Suicide Bombers Go PC

by COLLIN LEVEY
Suicide Bombers Go PC
It's springtime on campus -- that time of year where any excuse to sit outside will do. And lo, like clockwork this week, college students across the country got out their Frisbees and their politics.

The must-have opinion of the season is on the Israeli-Palestinian conflict. You get one guess which side the loudest ones are on.

The University of California at Berkeley, that bastion of sun-kissed young adults with a chip on their shoulder, was among the first to stomp the grass. Earlier this month, a sit-in for Palestinian statehood on the ramps of an interstate snarled traffic badly enough to need intervention by the California Highway Patrol.

On Tuesday at the University of Michigan, protestors paraded through the campus bound and gagged. One, out in his skivvies, explained via a signboard that "I am one of tens of Palestinians who were asked to strip naked by the Israeli Army, lie on their stomachs and then taken to an unknown location." (Yes, tens.)

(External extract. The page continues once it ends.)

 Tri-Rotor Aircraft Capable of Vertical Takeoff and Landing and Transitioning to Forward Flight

All told, students at some 30 universities across the country -- from the University of Nebraska to Georgetown to Rutgers -- are expressing their solidarity with a group of people who send college-age kids out to self-detonate near as many Israeli civilians as possible.

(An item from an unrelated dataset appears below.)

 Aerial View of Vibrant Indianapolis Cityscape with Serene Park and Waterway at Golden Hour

Most of the tactics on display are recycled from every other protest movement -- from Vietnam right up through the antisweatshop brigade. Berkeley students this week even demanded that the school stop buying stocks in companies like General Electric that do business with Israel à la apartheid divestment.

The problem is that the parallels don't work. At a time when Americans willingly arrive at the airport hours before flights to comply with new security measures, the outrage of University of Michigan undergrads at similar measures in Israel doesn't really resonate. That's the campus where students today are confronted on the way to the library with activists running mock "Israeli checkpoints" and demanding to see their school ID.

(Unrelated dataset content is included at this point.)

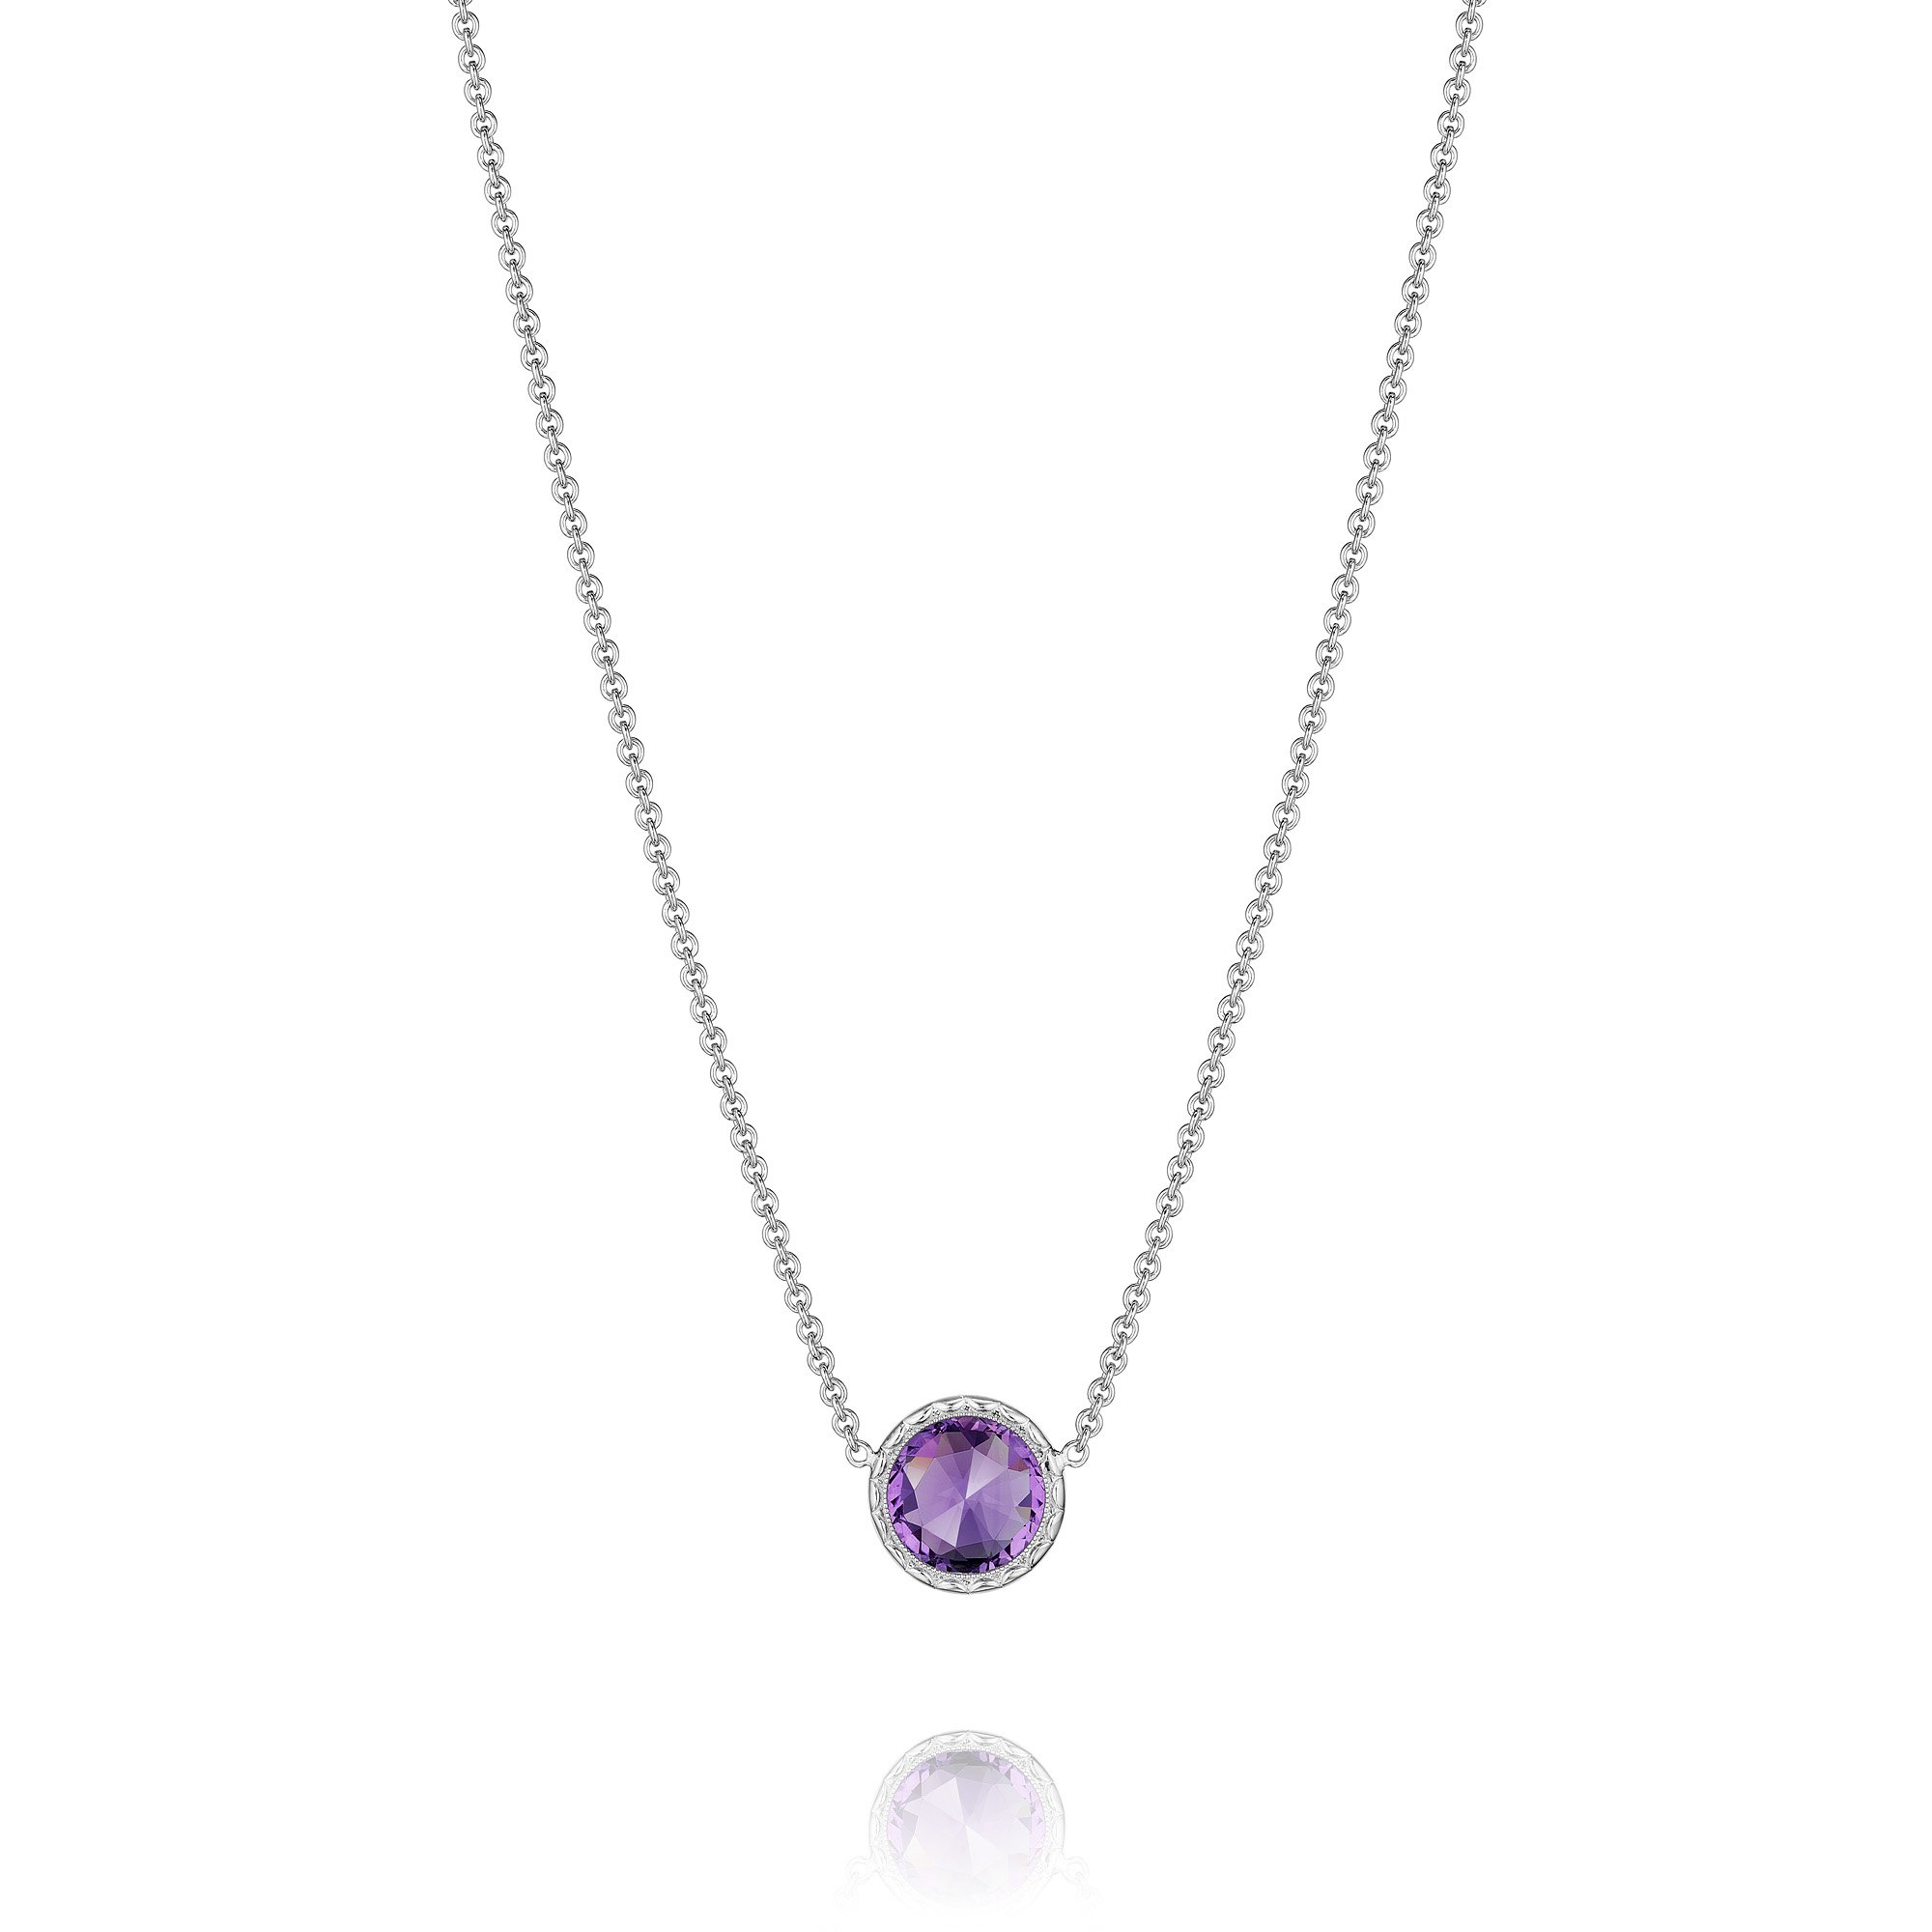 Tacori Sterling Silver Gemstone Necklaces. Diamond Engagement Rings ...

The University of Michigan, one presumes by all available statistics, is teeming with some of the brightest young minds in the country. But someone might point out to the kids that this isn't exactly the kind of stuff that gets you sent to a human rights tribunal.

Still, there are plenty of new acronyms on campus supporting the Palestinian cause, and this too is part of the issue. At many institutions, anti-Semitism has long been one of the handful of dirty words like racism, sexism and homophobia. Jewish students have too often played into this, turning the Holocaust into an occasion for a sit-in in the college center -- an act which demeans the Nazi atrocities by putting them on par with "Take Back the Night." Jewish groups like Hillel have tried to find common ground with groups like the Black Student Union by playing up the fact that they are victims too.

The coming clash on campus seems destined to play out as a contest to determine who wins the prize as the biggest victim. The whole thing is tedious, not to mention confusing for college students and their nascent herd-like politics. Some Jewish students, so accustomed to being among the cheerful bands expressing outrage against oppression, are so confused by the latest turn of events that they have in fact joined the Justice for Palestinians groups condemning Israel's "occupation" of Palestinian land. From Brown University comes the heart-melting story of a Jew and a Palestinian joining hands to . . . condemn Israel.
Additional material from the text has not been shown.